*Assignment*. Beginning at the line that holds "EC 70B24L GSユアサ" and continuing to the last line of the data below, transcribe every line word for word, without pictures.

*Supplied data*.
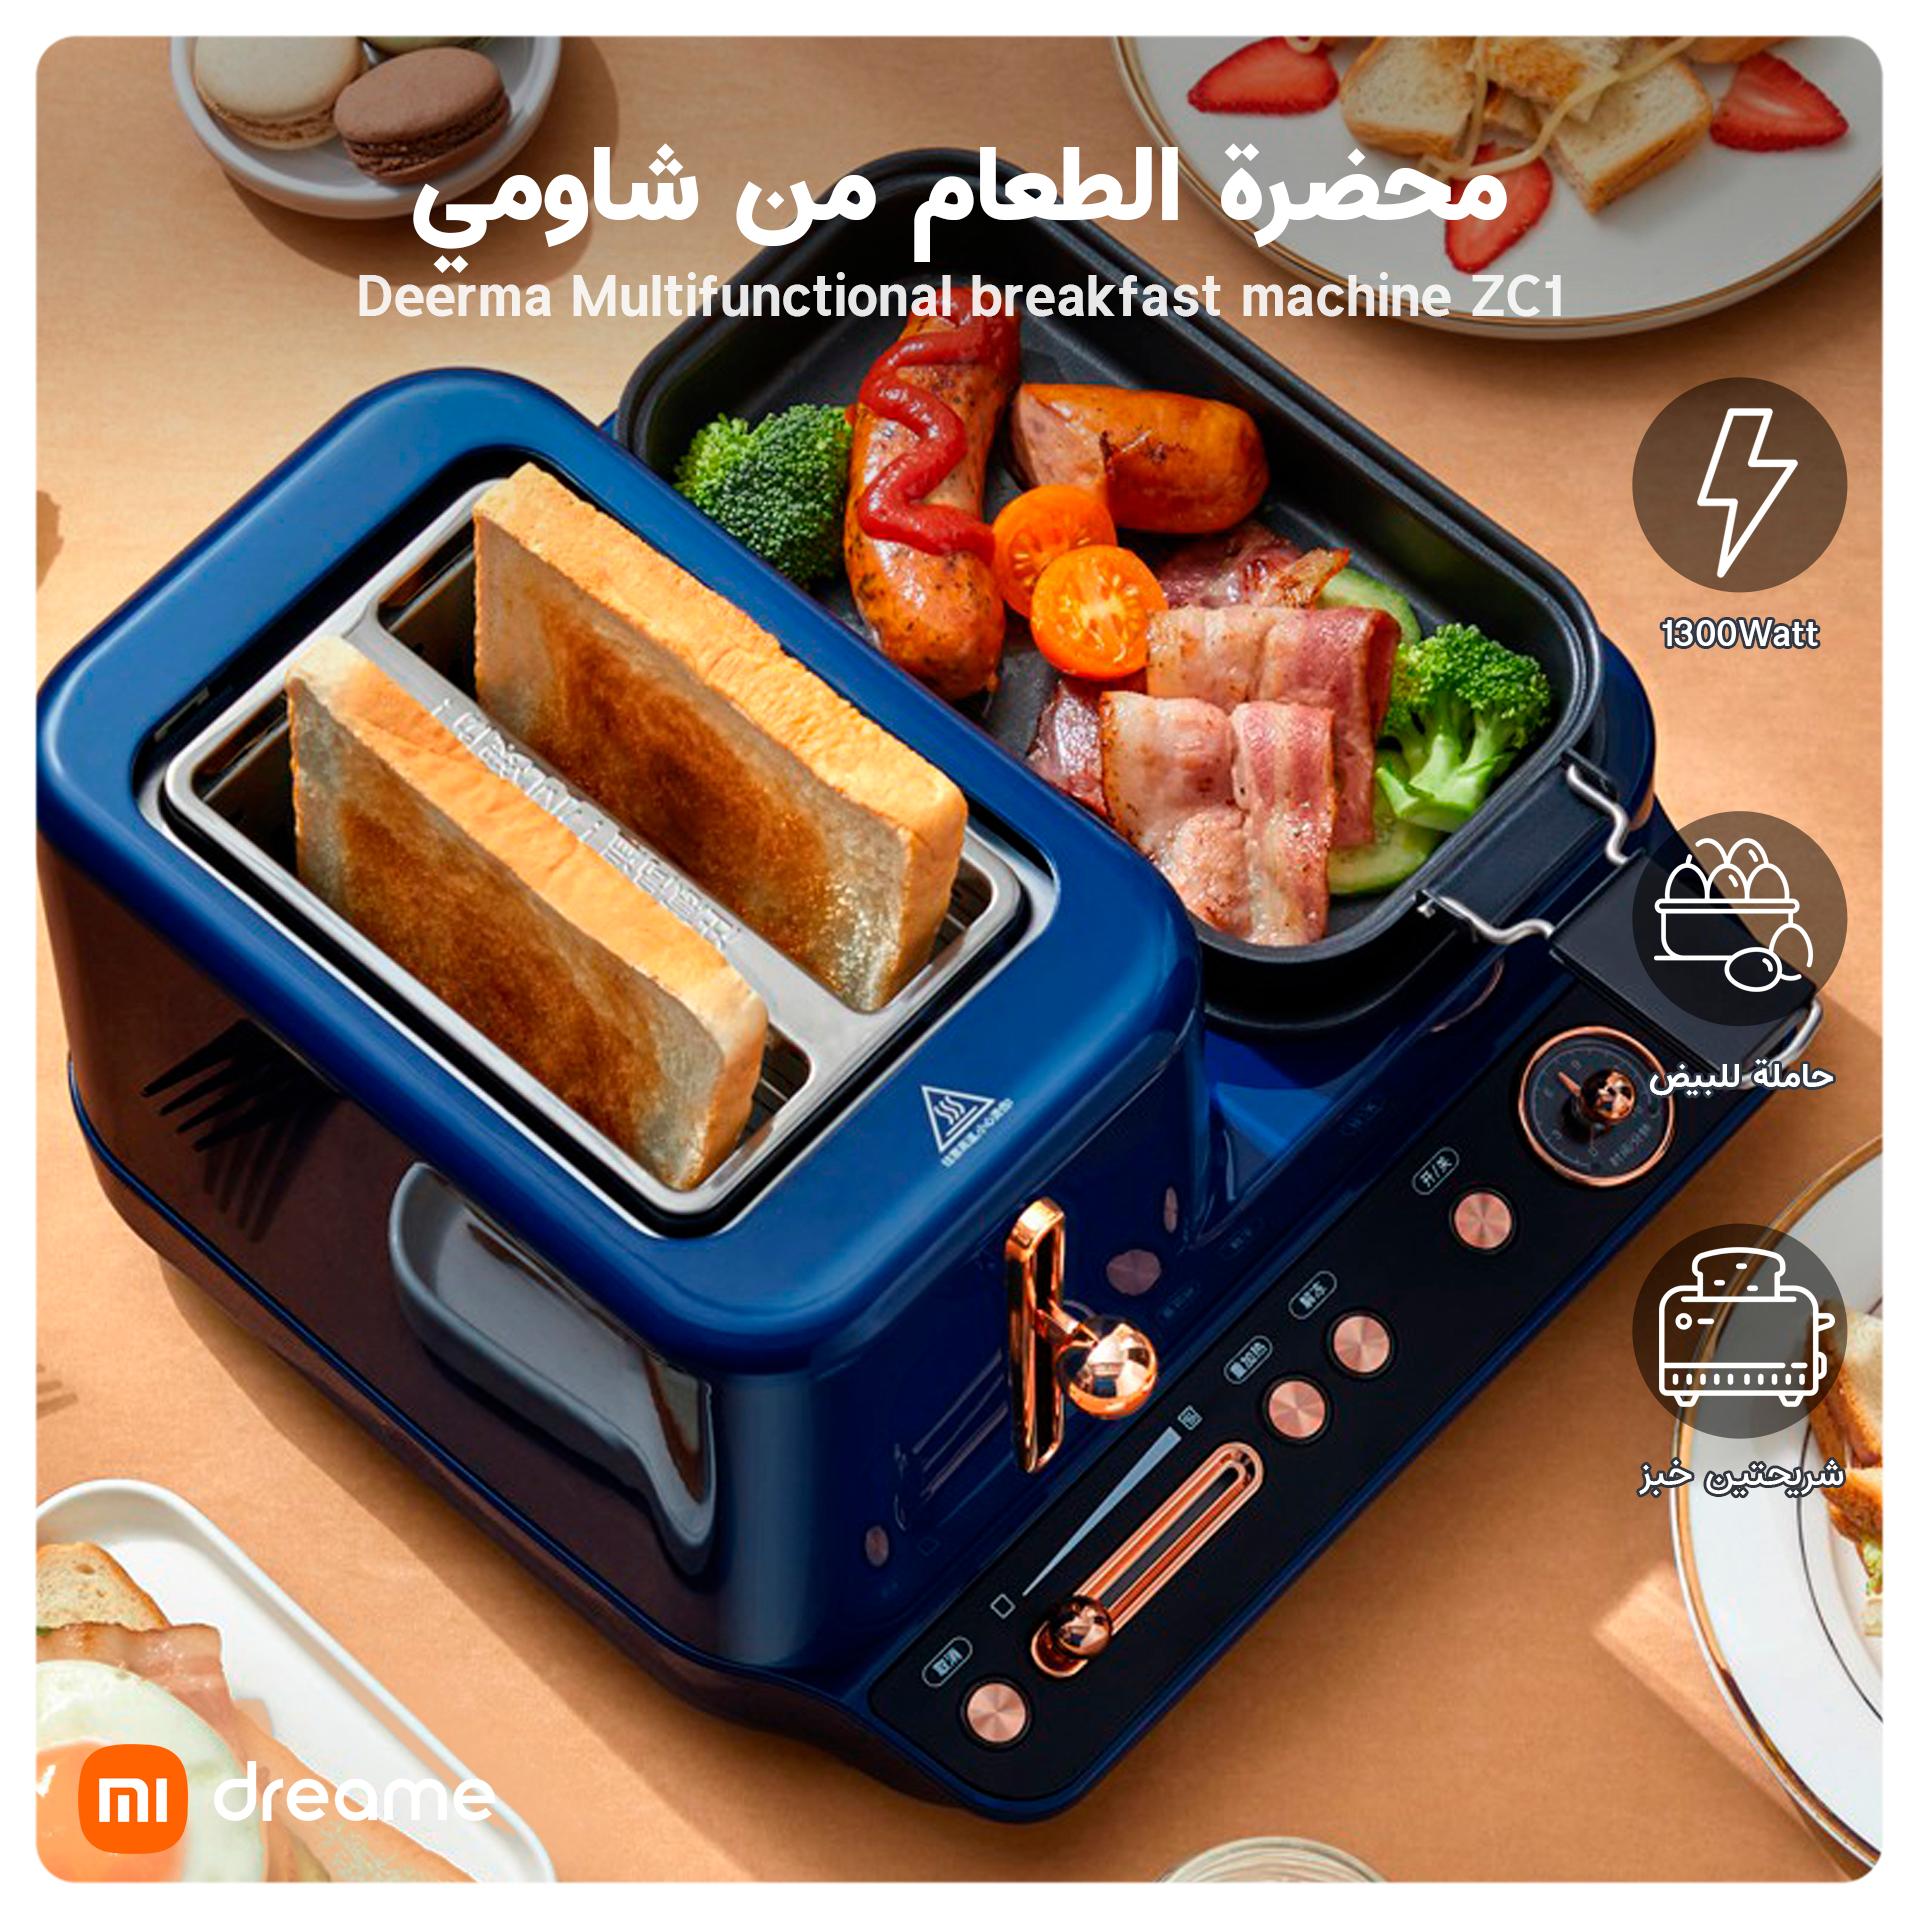 Xiaomi Deerma Multifunctional breakfast machine ZC10 -
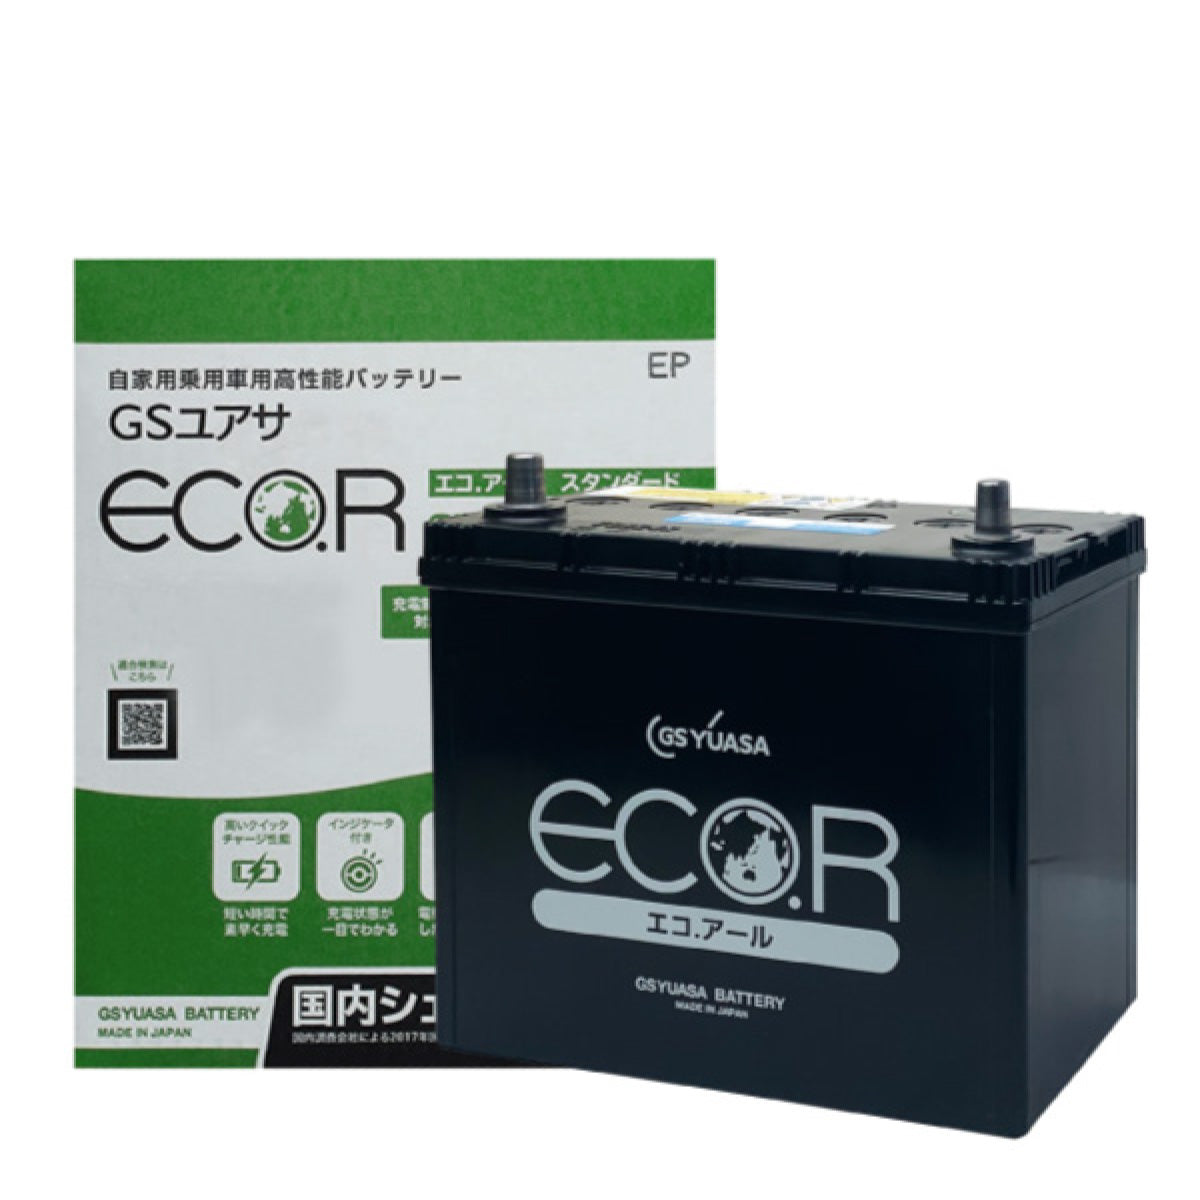 EC 70B24L GSユアサ バッテリー エコアール ハイクラス 充電制御車に最適 EC-70B24L - オイル、バッテリーメンテナンス用品
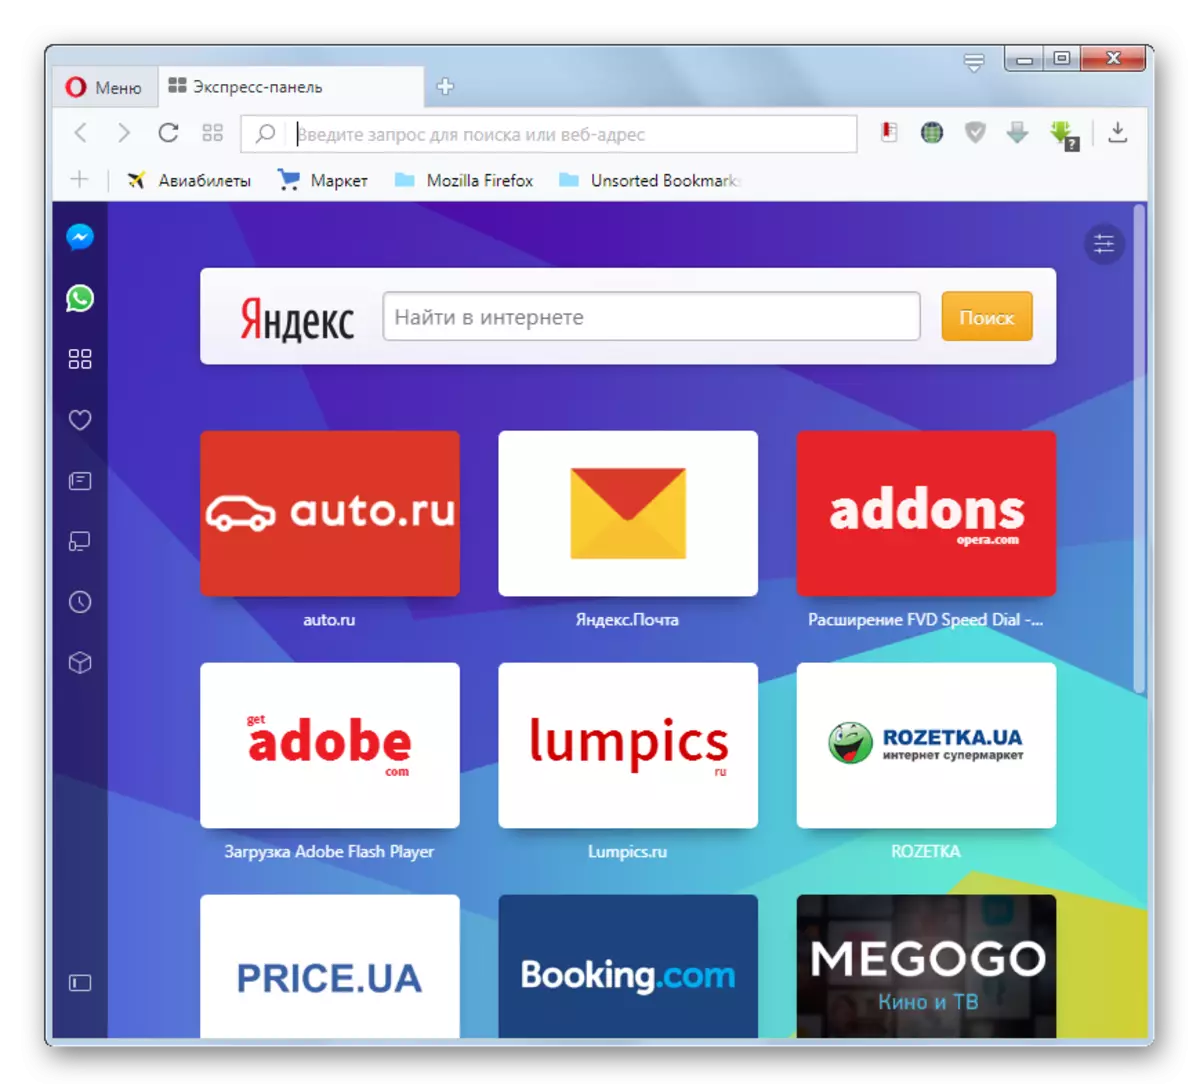 Opera-browser wordt gelanceerd

*Answer area*.
 EC 70B24L GSユアサ バッテリー エコアール ハイクラス 充電制御車に最適 EC-70B24L - オイル、バッテリーメンテナンス用品
 Opera-browser wordt gelanceerd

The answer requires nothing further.